Años más tarde, ella confesaría que esos sentimientos la dañaron profundamente y que marcaron no solo su vida sino su carrera como actriz.

No es el único caso en el que se somete a una mujer a un espectáculo vejatorio para deleite del público. Sin ser calificado como cine porno, múltiples películas han recreado de forma vívida y espeluznante, las agresiones y violaciones a una mujer.

En España tenemos un programa de televisión de la cadena Telecinco llamado Gran Hermano que hace de la vida real un espectáculo.

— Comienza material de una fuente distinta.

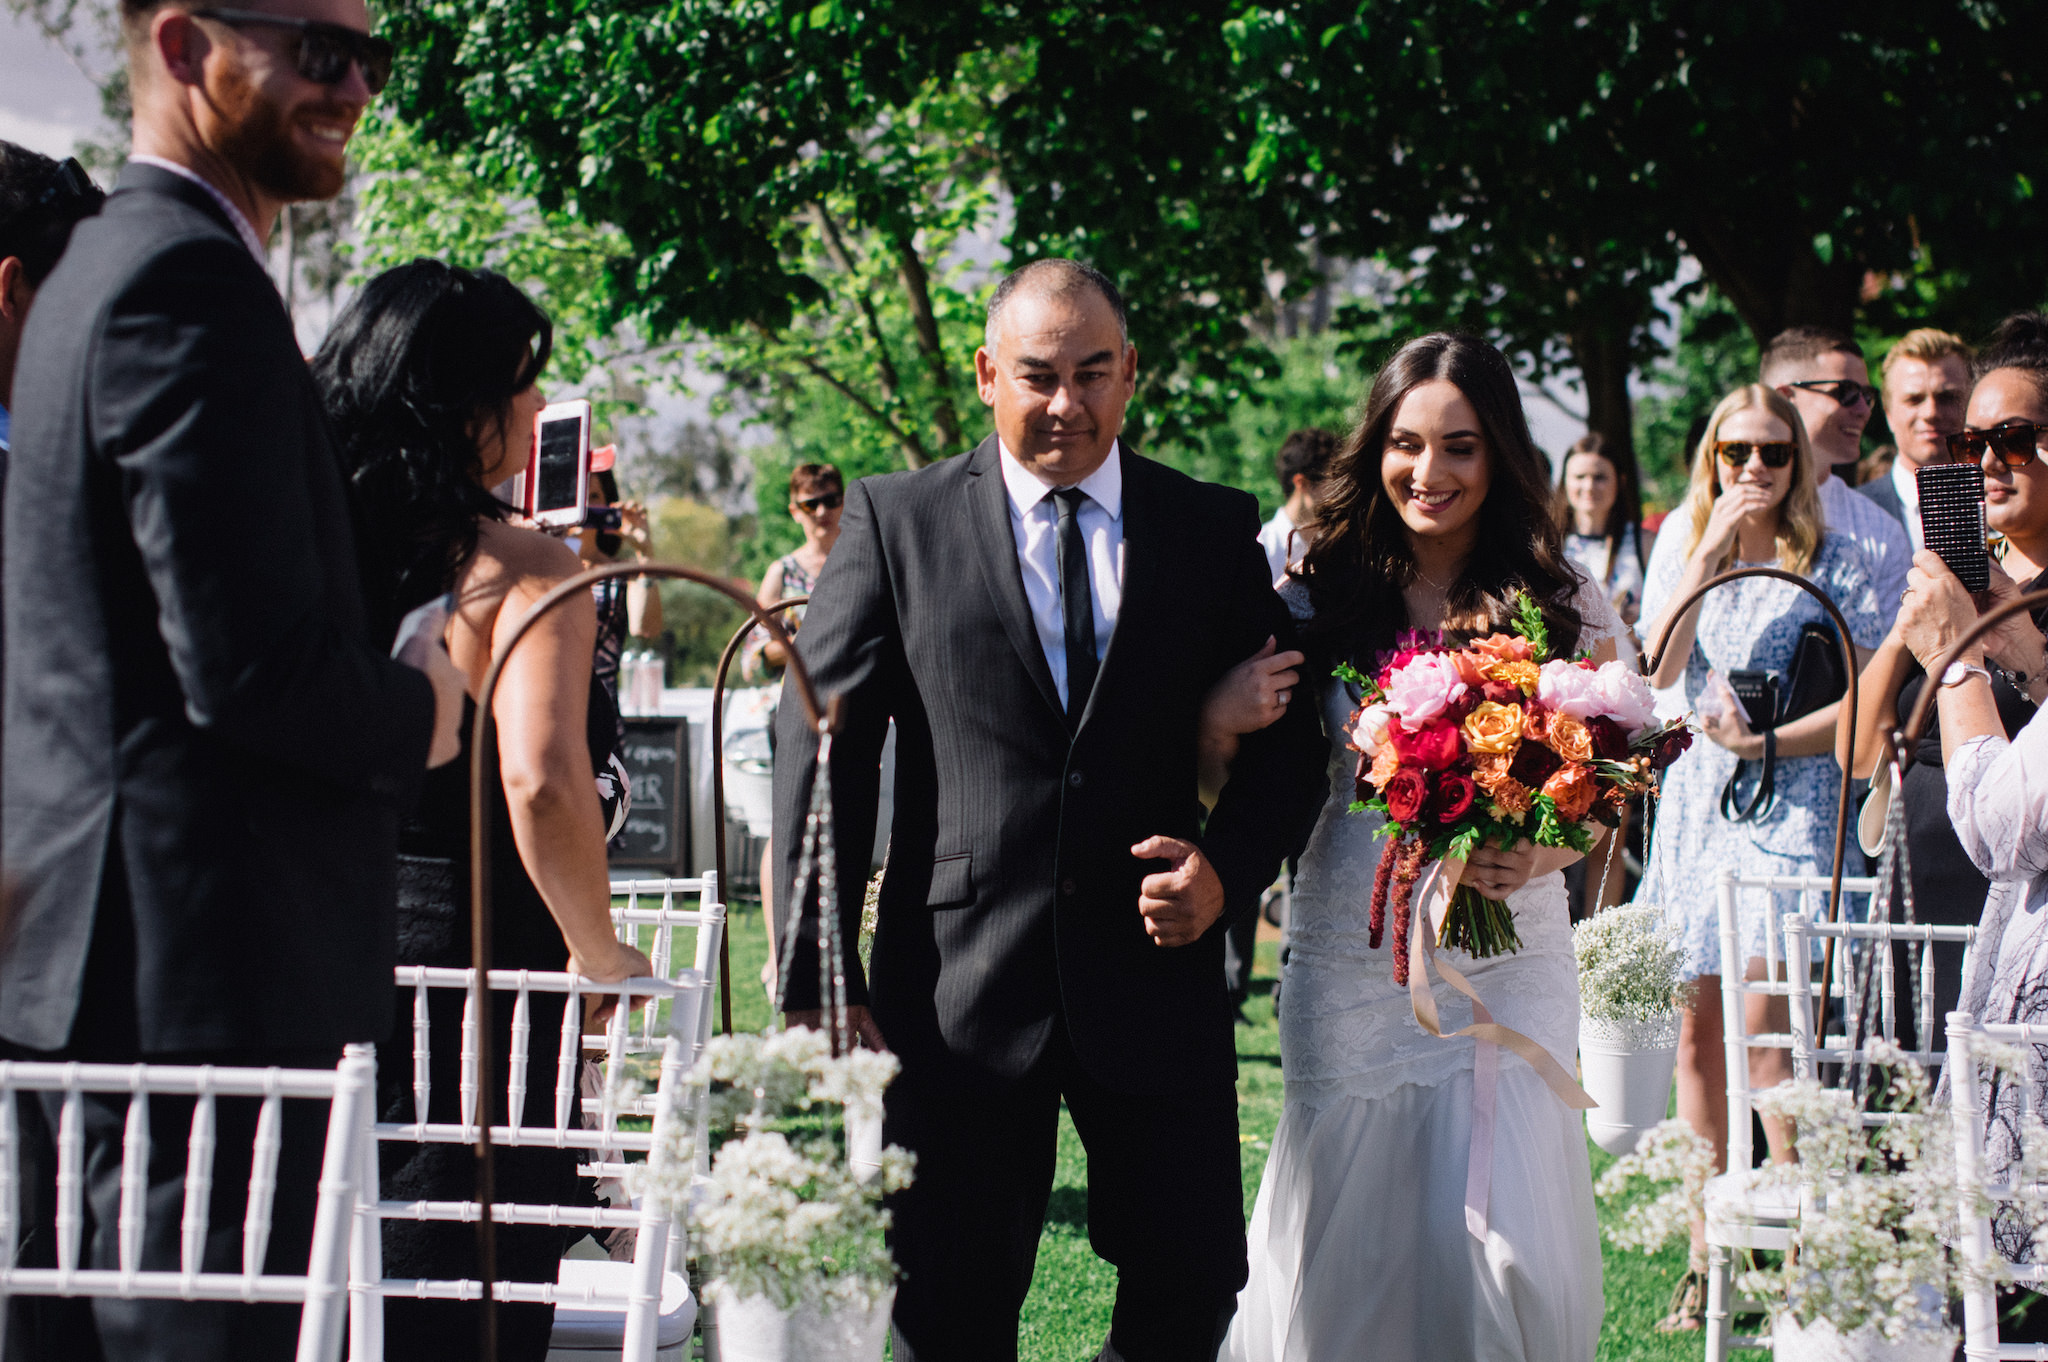 Laurelville Manor Ceremony Sarah Marvin York Wedding Photographer 4

El programa se basa en la observación continuada de la vida de una serie de personas que se encuentran encerradas en una casa, rodeados de cámaras de televisión para que los espectadores contemplen las 24 horas del día de esas personas. Una forma de violación de la intimidad de los concursantes que se presentan voluntariamente para ser observados. Horas y horas de inacción, de tiempo perdido en conversaciones inútiles que no aportan nada a quién gasta su tiempo en mirar la pantalla. No me preguntéis que placer oculto han de satisfacer los consumidores de este Show de Truman español, porque mi sapiencia no alcanza a comprenderlo. Tengo un límite en mis conocimientos del ser humano. Solo sé que personalmente me parece muy poco atractivo y no he gastado mi tiempo en semejante telebasura.

En la edición de 2017, una de las muchas que llevan emitidas (debe ser super rentable porque creo que llevan dieciocho o más), una de las concursantes sufrió una experiencia terrible. Otro de los compañeros de la casa, presuntamente abusó de ella tras una fiesta y seguramente fue grabado por los ojos indiscretos de las cámaras de televisión.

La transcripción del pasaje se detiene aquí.